═══ Recorded information

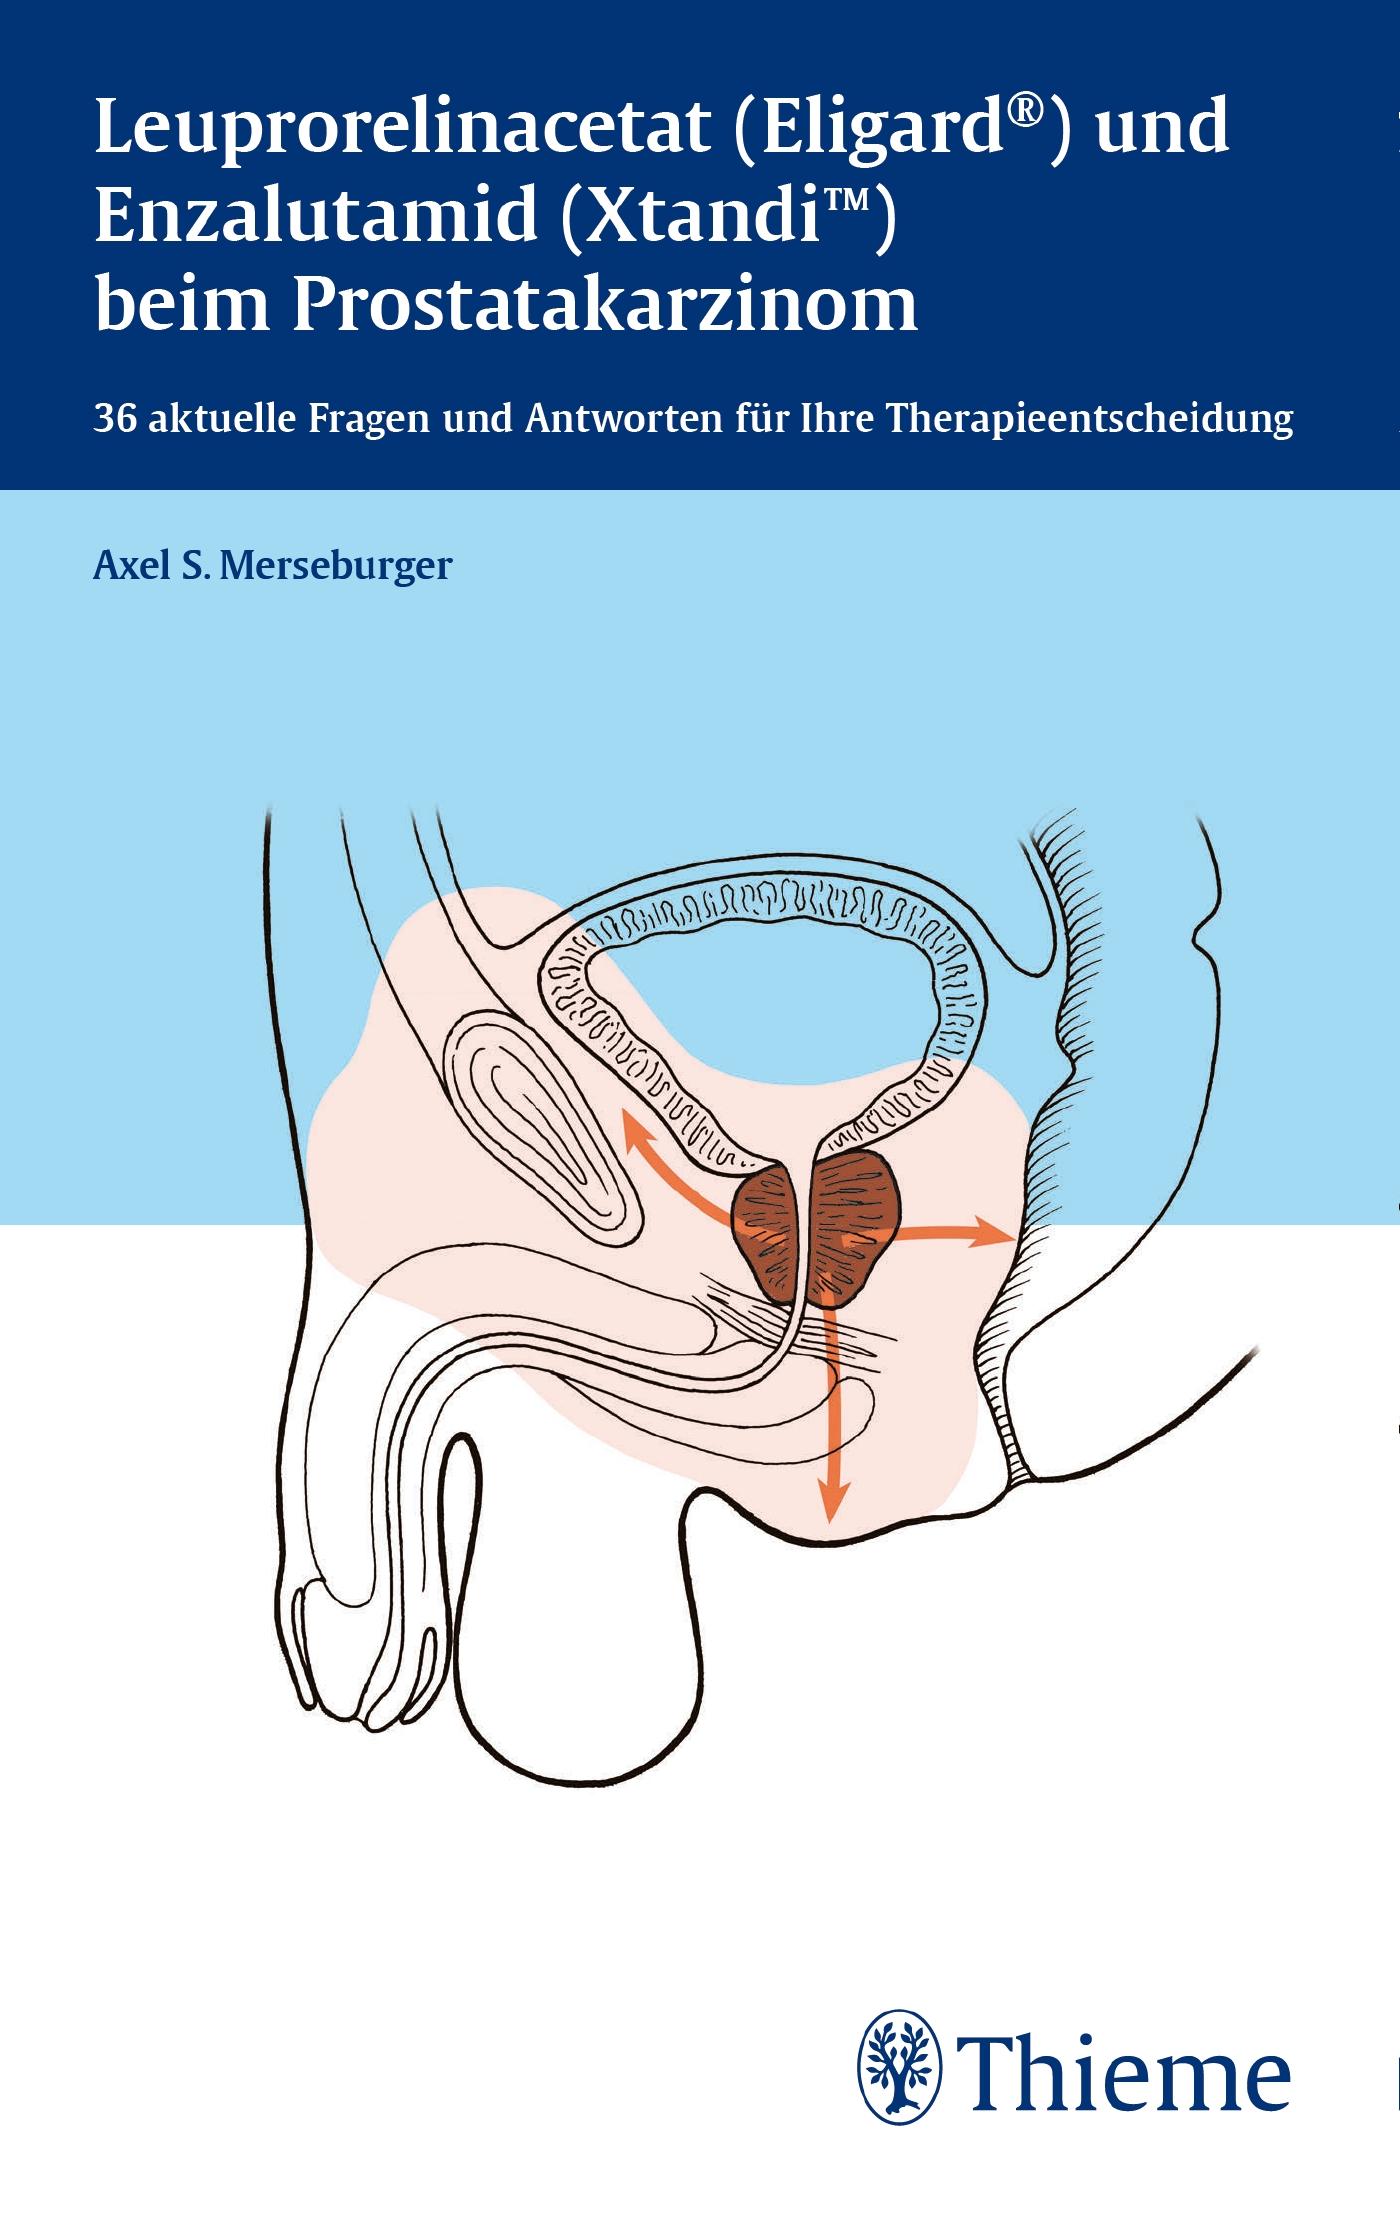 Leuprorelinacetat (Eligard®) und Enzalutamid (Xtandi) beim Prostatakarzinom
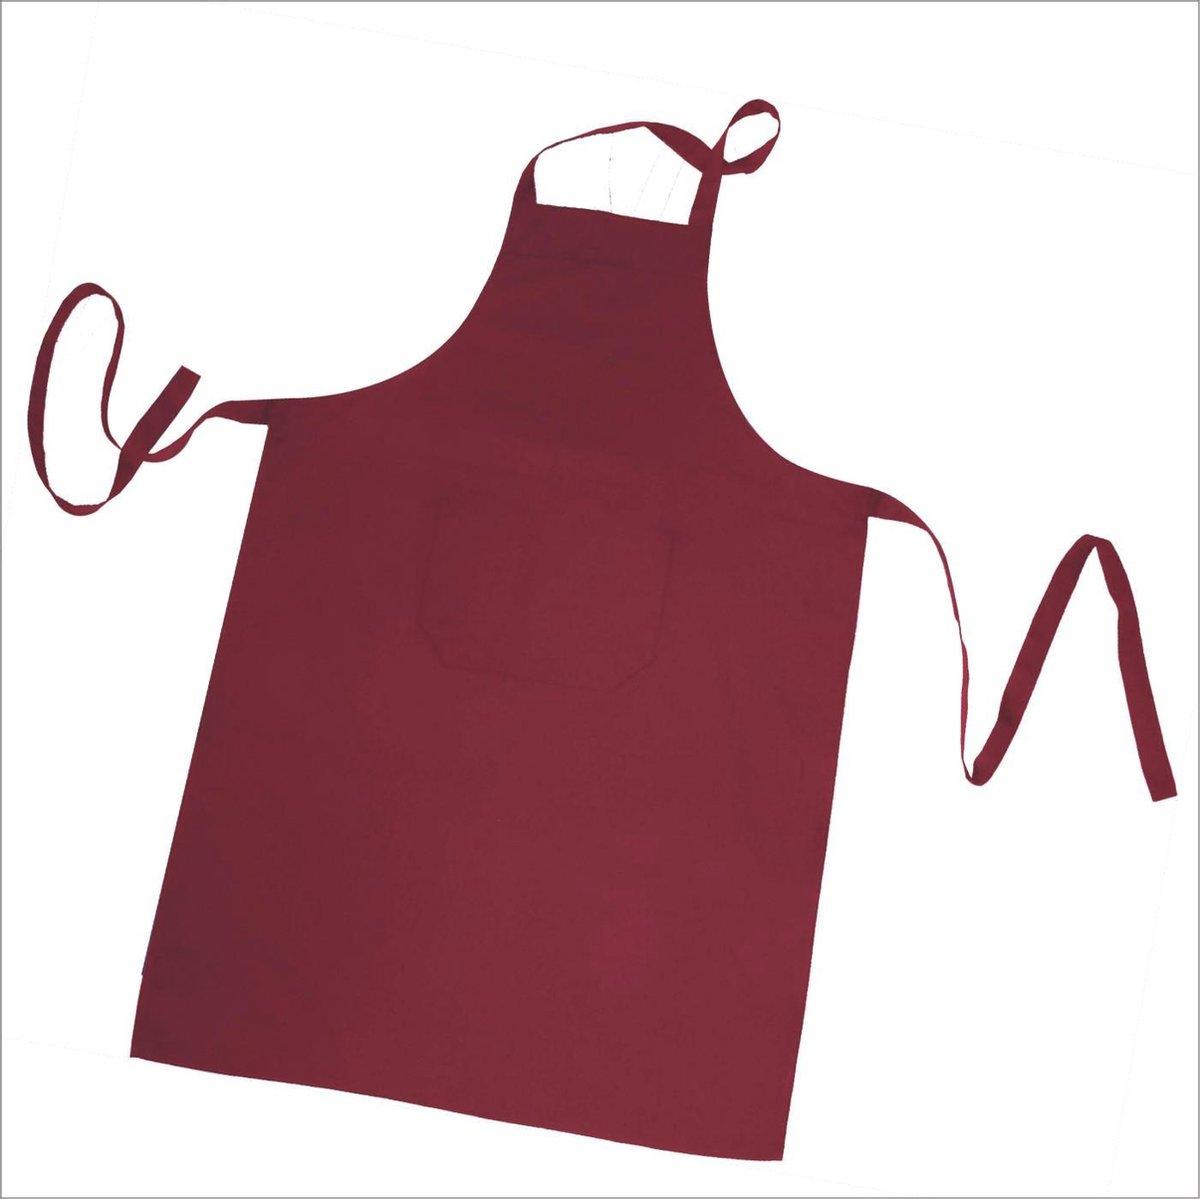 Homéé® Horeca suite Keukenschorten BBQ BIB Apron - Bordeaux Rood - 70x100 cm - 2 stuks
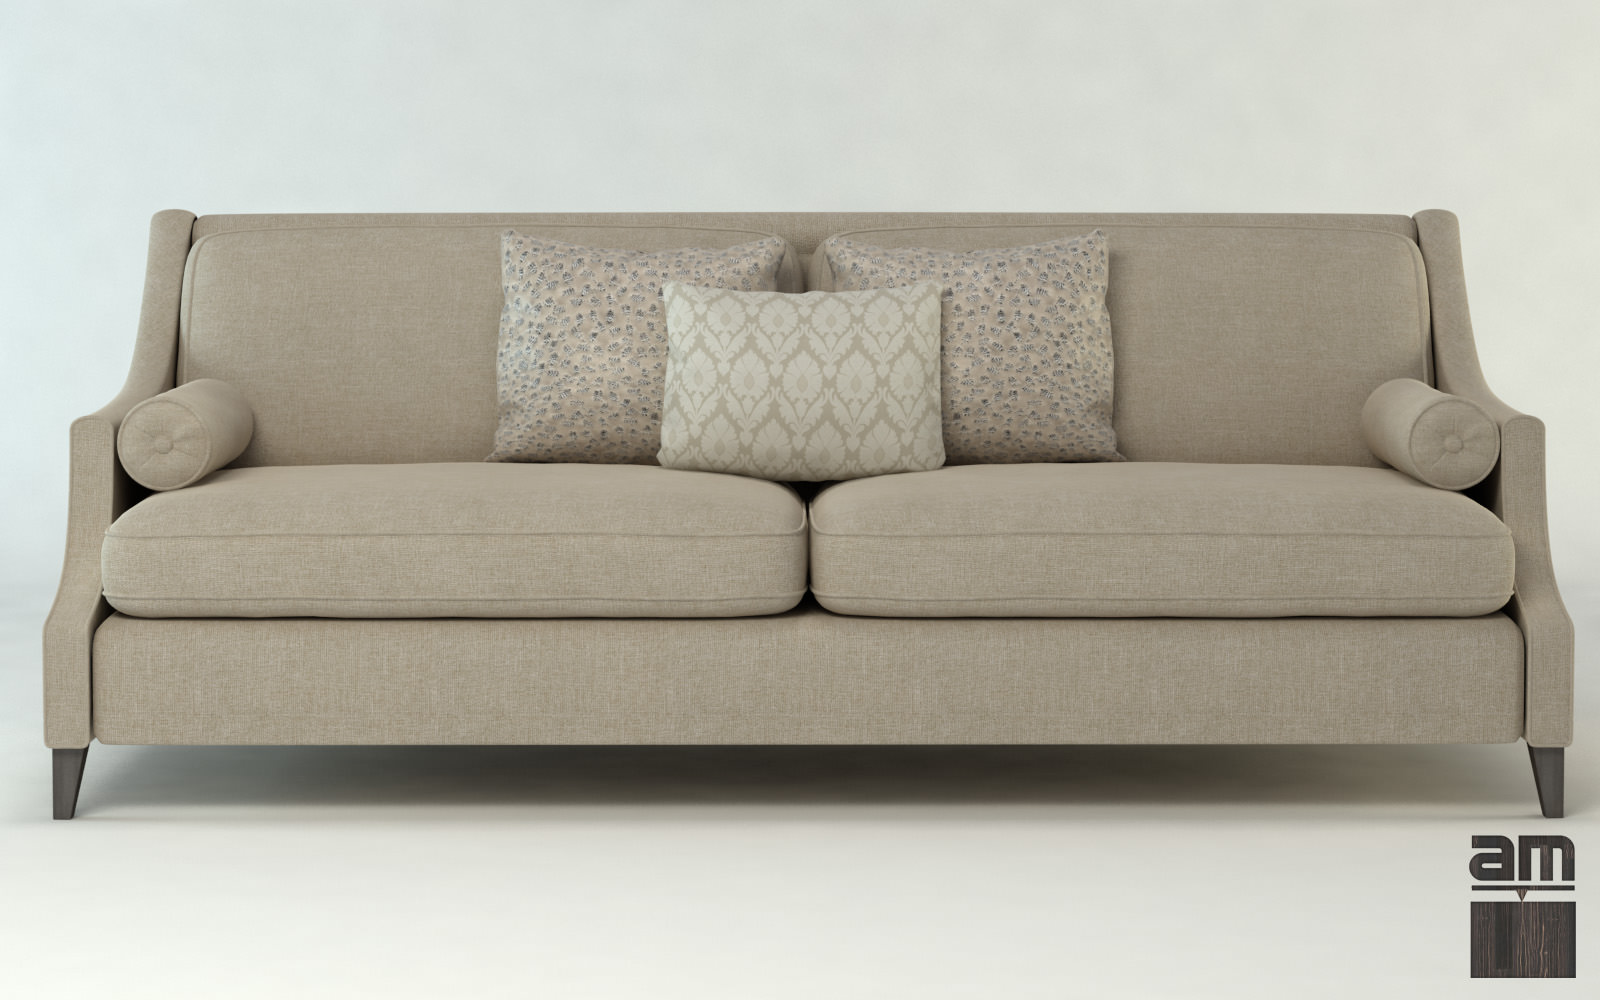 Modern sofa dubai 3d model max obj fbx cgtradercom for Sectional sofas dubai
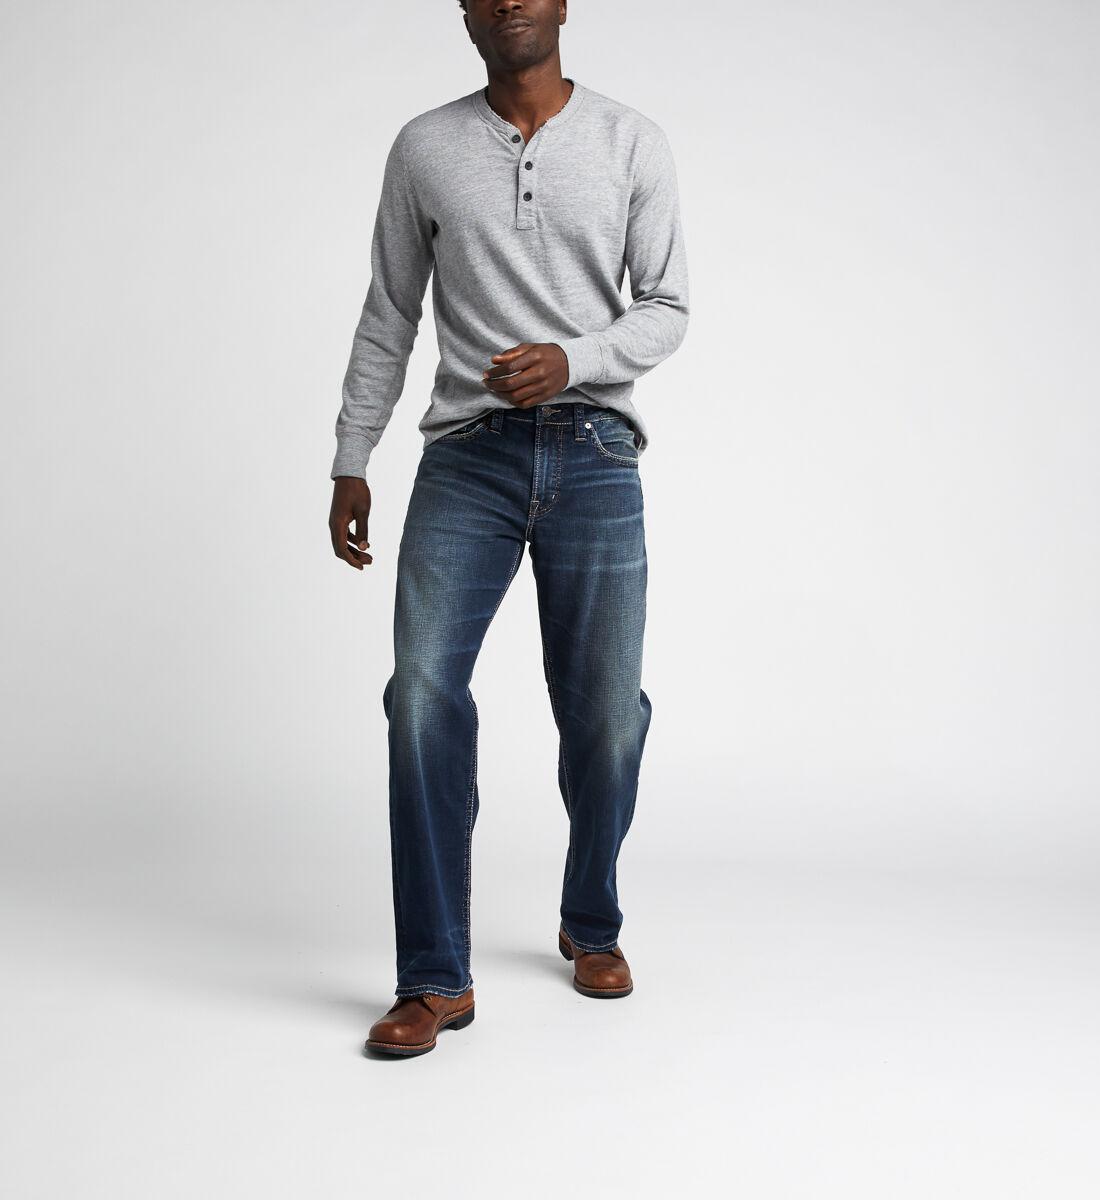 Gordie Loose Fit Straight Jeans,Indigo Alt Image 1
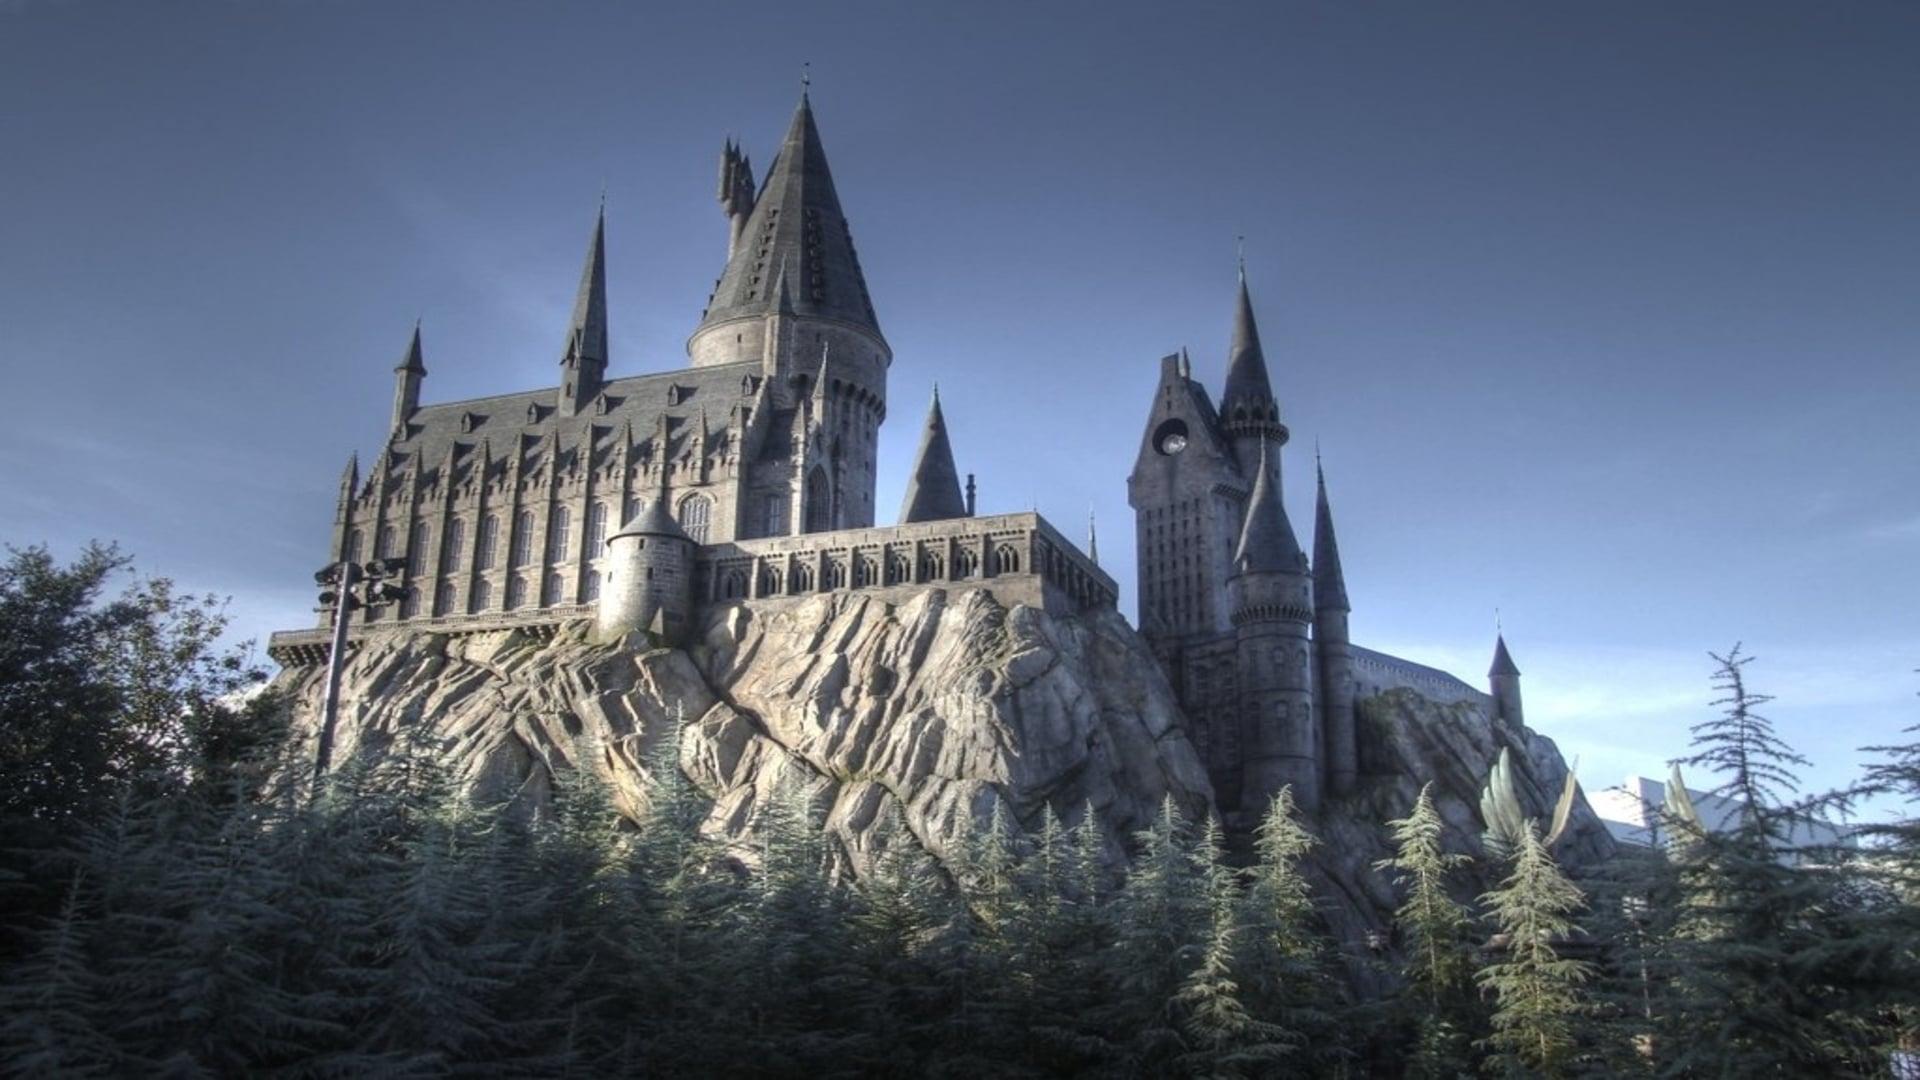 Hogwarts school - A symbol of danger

══════

# What the task asks
Retype the line containing "Gordie Loose Fit" and all lines after it to the end of the material, exactly as written, leaving out any pictures.

# Exercise solution
 Gordie Loose Fit Straight Jeans,Indigo Alt Image 1
 Hogwarts school - A symbol of danger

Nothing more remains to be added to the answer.